Musicalmente, Sónar ha sempre vissuto tra sperimentale e popolare. Questa tensione lo definisce. Può presentare pionieri dell’elettronica industriale, artisti audiovisivi difficili da classificare, techno da club, grime, pop mutante, hip-hop, ambient, decostruzione digitale, house, jungle, reggaeton futurista, elettronica latina, performance strane e nomi enormi capaci di riempire il palco principale. Non è un festival purista. Non è nemmeno un festival semplicemente compiacente. La sua grande abilità è permettere al pubblico di passare da qualcosa di astratto a qualcosa di massivo senza sentire che la notte si contraddice.

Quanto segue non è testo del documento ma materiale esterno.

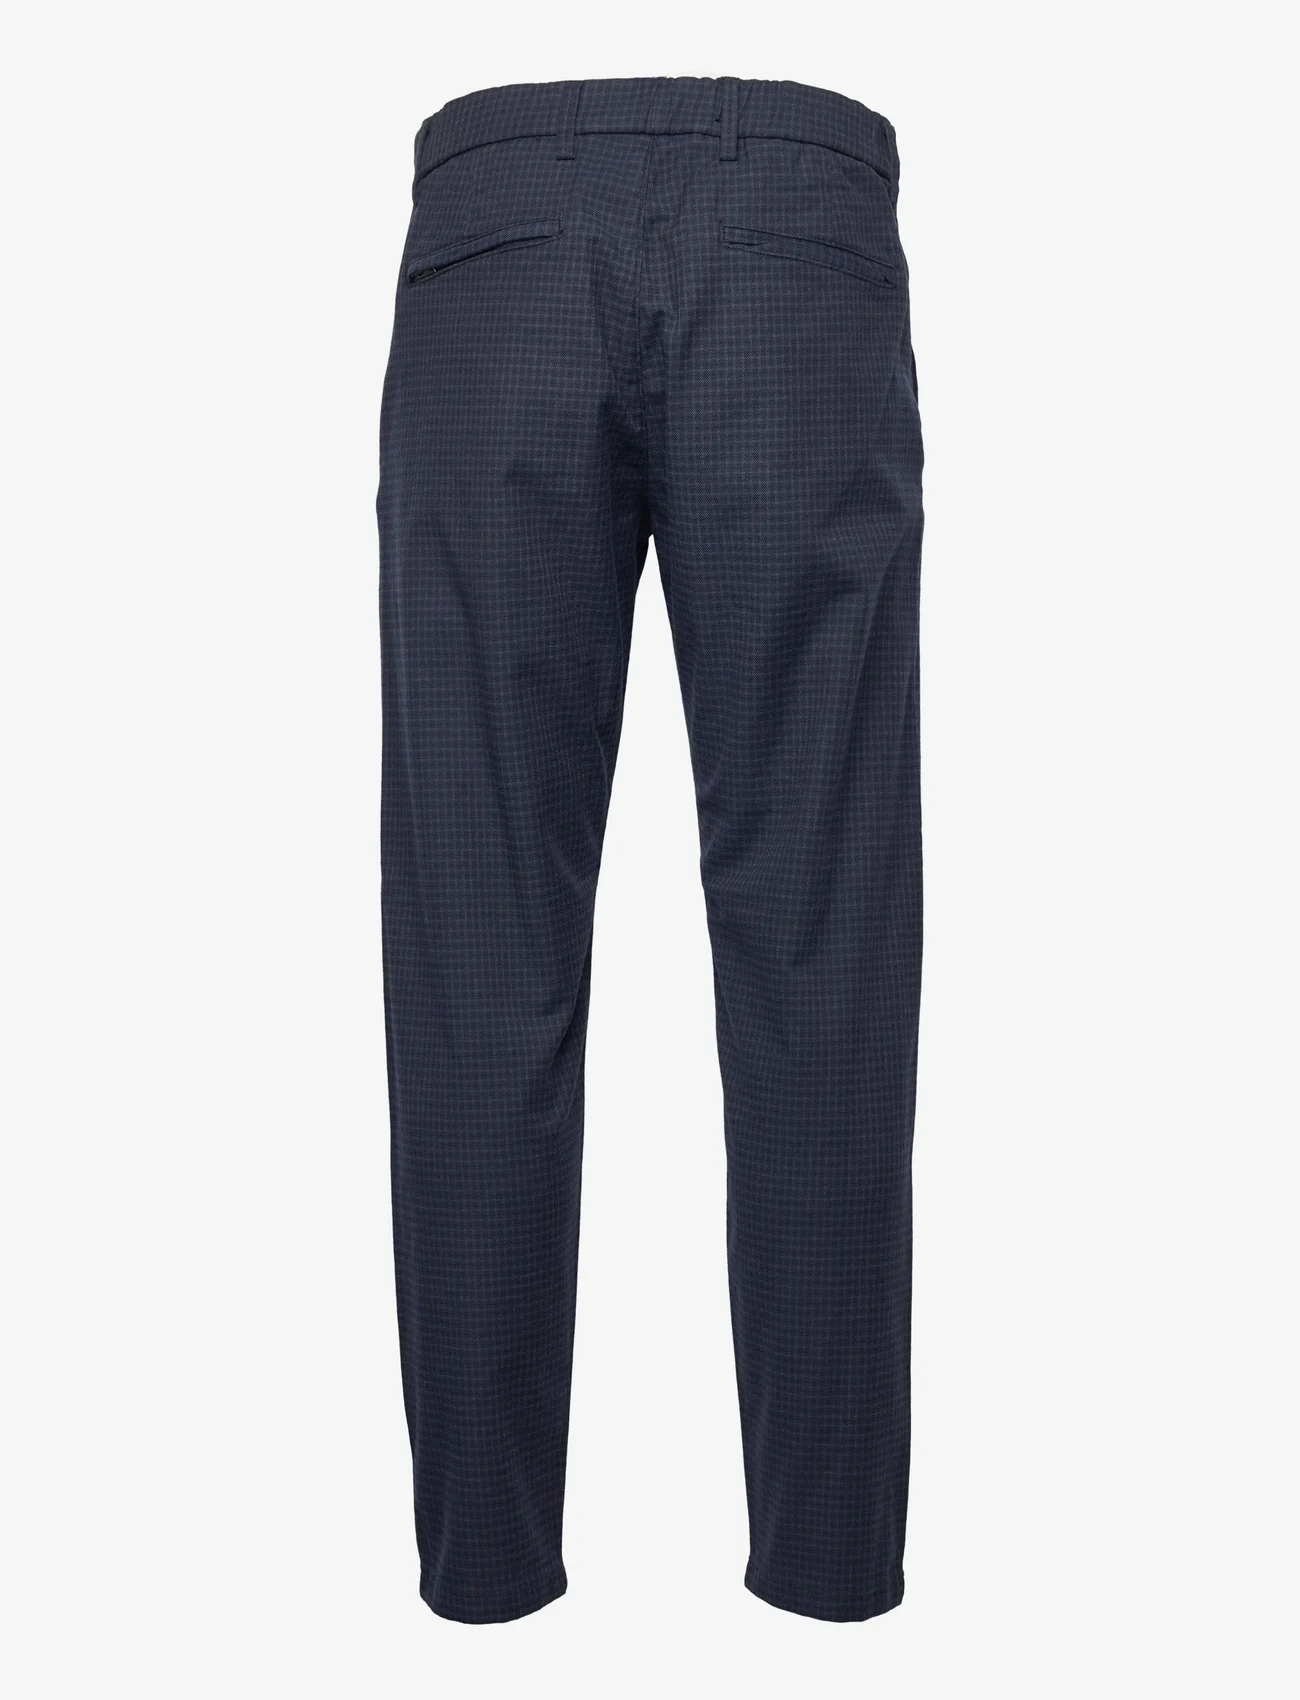 Selected Homme - SLHSLIMTAPERED-YORK PANTS - spodnie na co dzień - navy blazer - 1

L’esperienza reale di partecipare ha molto a che fare con la navigazione. Non vai solo a “vedere concerti”; attraversi strati. Guardi gli orari, scegli tra un live audiovisivo e un DJ set, dubiti se restare davanti a un palco o attraversare verso un altro, incontri un’installazione che non ti aspettavi, ascolti una conversazione sull’intelligenza artificiale e poi finisci a ballare qualcosa che magari due ore prima non sapevi esistesse. A Sónar, la scoperta non arriva sempre come grande rivelazione. A volte appare come un suono strano, uno schermo, una luce, una sala mezza vuota che improvvisamente diventa indimenticabile.
Sónar+D amplia ancora di più questa personalità. La sua presenza ricorda che il festival non tratta la tecnologia come decorazione, ma come materia culturale. Qui non importa solo cosa suona, ma come si produce, come si programma, come si visualizza, come circola, come si monetizza e come influenza il corpo, la creatività e il modo in cui immaginiamo il futuro. Per questo Sónar può sembrare metà festival e metà antenna: capta segnali strani prima che diventino normali.
Ciò che distingue Sónar da molti altri grandi festival elettronici è il suo rapporto con l’intelligenza culturale. Non cerca solo l’euforia, anche se ne ha molta. Non cerca solo la festa, anche se sa costruirla benissimo. La sua forza sta nell’unire piacere e pensiero senza diventare freddo o accademico. Puoi entrare per un artista famoso e uscire parlando di un’installazione; andare per la techno e scoprire una voce sperimentale; arrivare per lavoro e finire su una pista perdendo il controllo. Sónar è Barcellona che ascolta il futuro con curiosità, senza paura quando quel futuro suona strano.